Mauchly conveyed the good news in a letter to Atanasoff, which also contained hints of a plan that unnerved the Iowa professor. “A number of different ideas have come to me recently anent computing circuits—some of which are more or less hybrids, combining your methods with other things, and some of which are nothing like your machine,” Mauchly wrote, truthfully. “The question in my mind is this: is there any objection, from your point of view, to my building some sort of computer which incorporates some of the features of your machine?”⁵⁹ It’s hard to tell from the letter, or from the subsequent explanations, depositions, and testimony over the ensuing years, whether Mauchly’s innocent tone was sincere or feigned.

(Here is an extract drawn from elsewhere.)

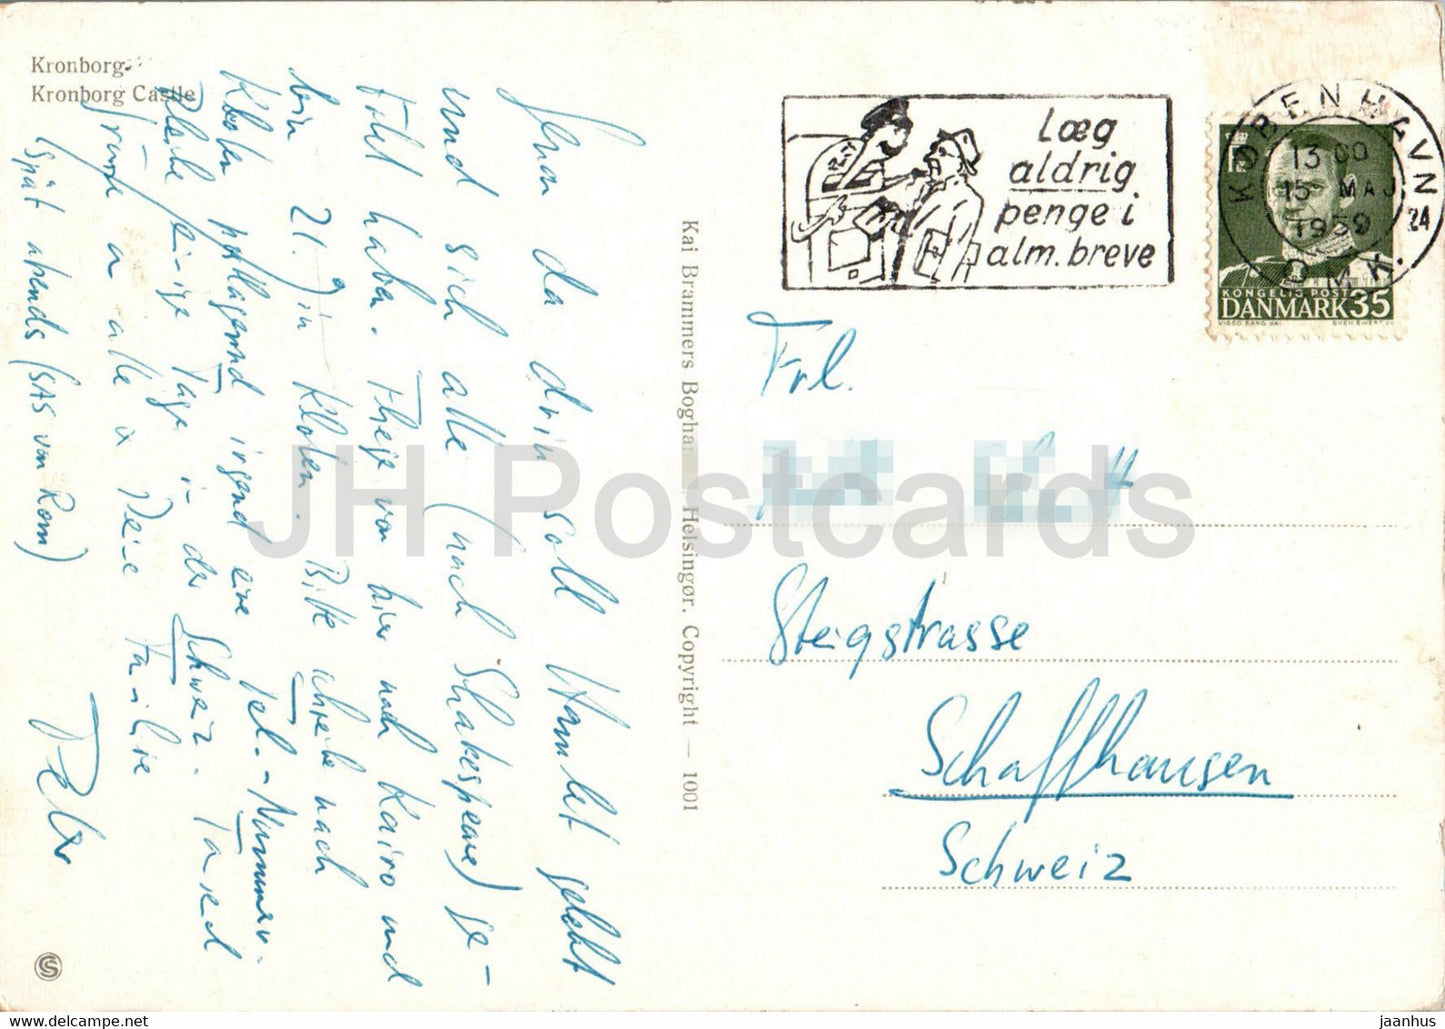 Schloss Kronborg - alte Postkarte - 1001 - 1959 - Dänemark - gebraucht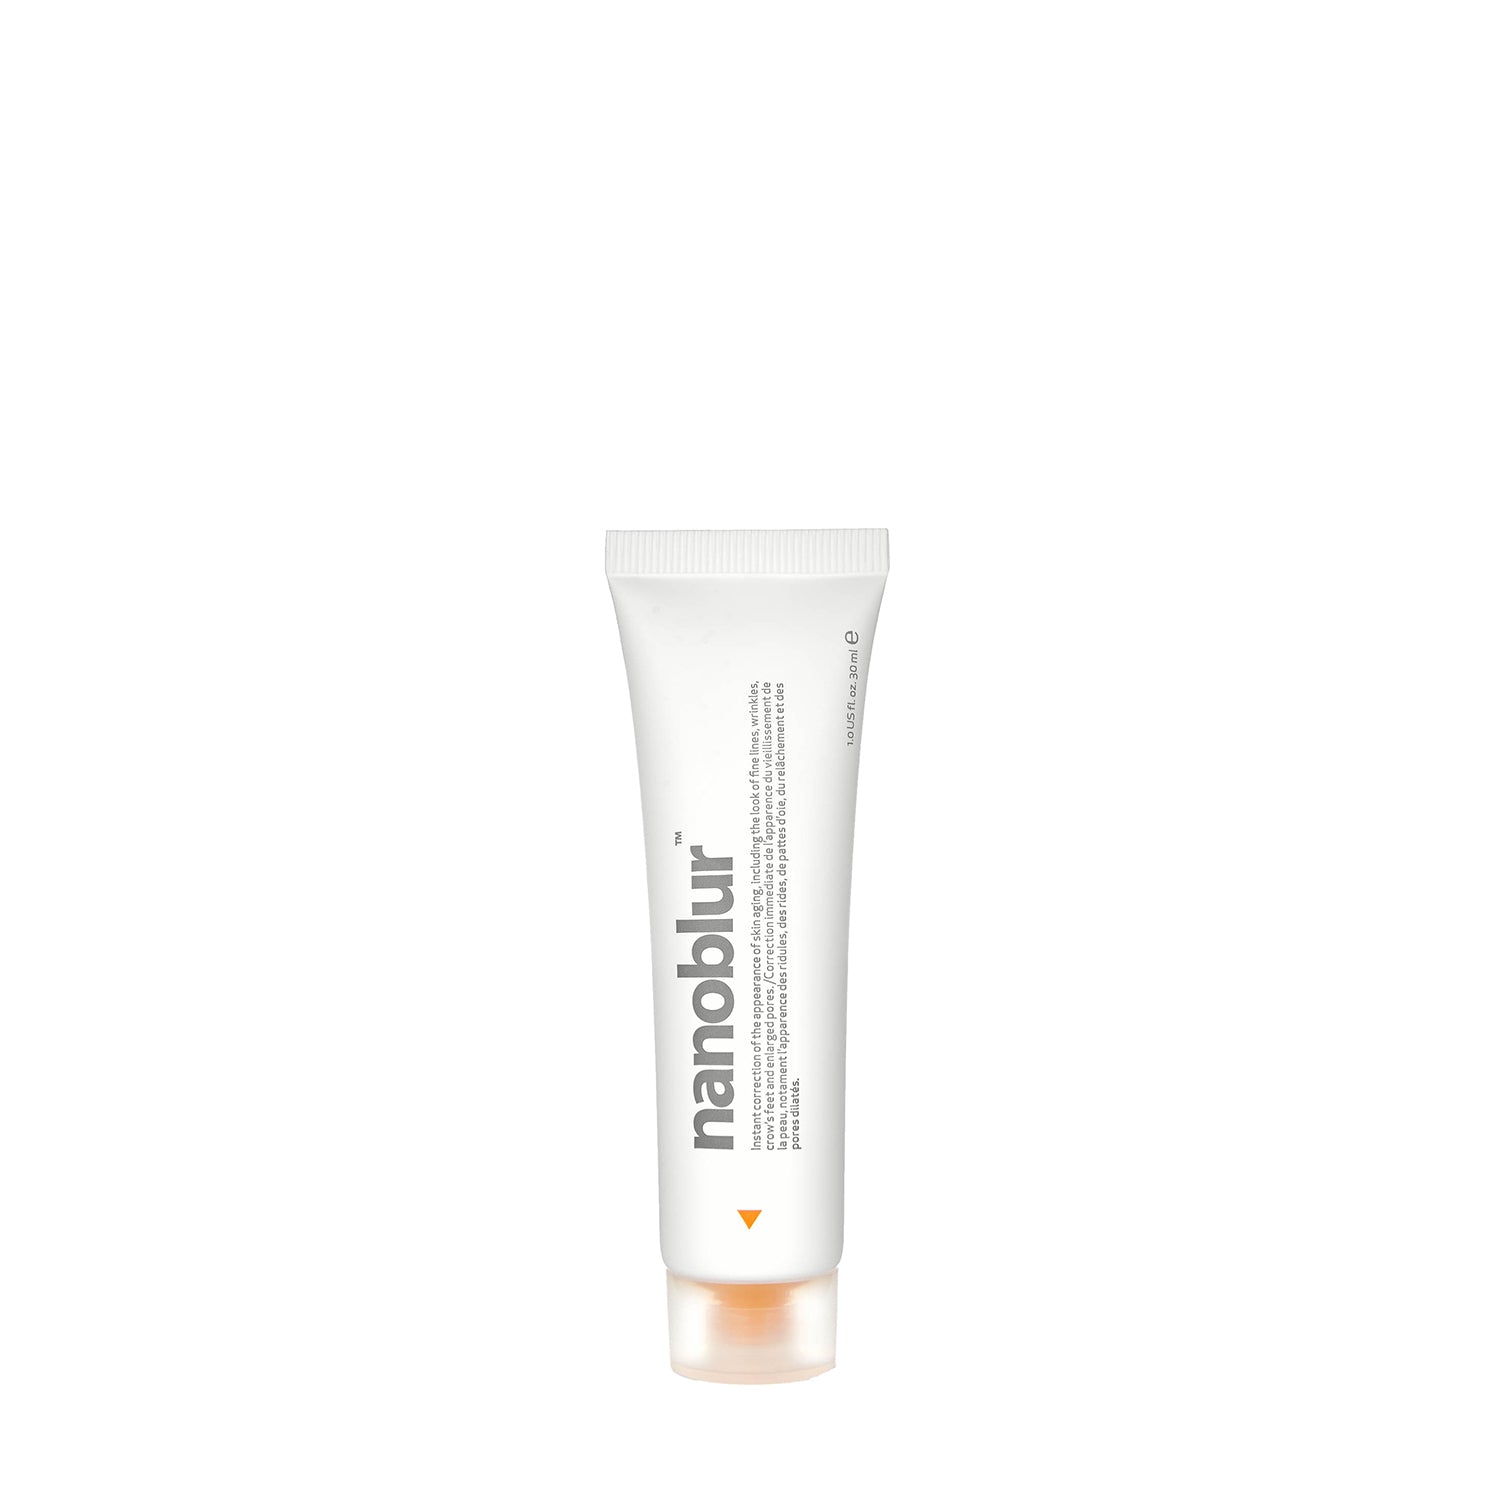 Nanoblur instant skin blurring cream

Howard Aiken (1900–1973) at Harvard in 1945.

John Mauchly (1907–80) circa 1945.

J. Presper Eckert (1919–95) circa 1945.

Eckert (touching machine), Mauchly (by pillar), Jean Jennings (in back), and Herman Goldstine (by Jennings) with ENIAC in 1946.

Either way, the letter upset Atanasoff, who had still not succeeded in prodding his lawyer into filing any patent claims. He responded to Mauchly rather brusquely within a few days: “Our attorney has emphasized the need of being careful about the dissemination of information about our device until a patent application is filed. This should not require too long, and, of course, I have no qualms about having informed you about our device, but it does require that we refrain from making public any details for the time being.”⁶⁰ Amazingly, this exchange still did not provoke Atanasoff or the lawyer to make a filing for patents.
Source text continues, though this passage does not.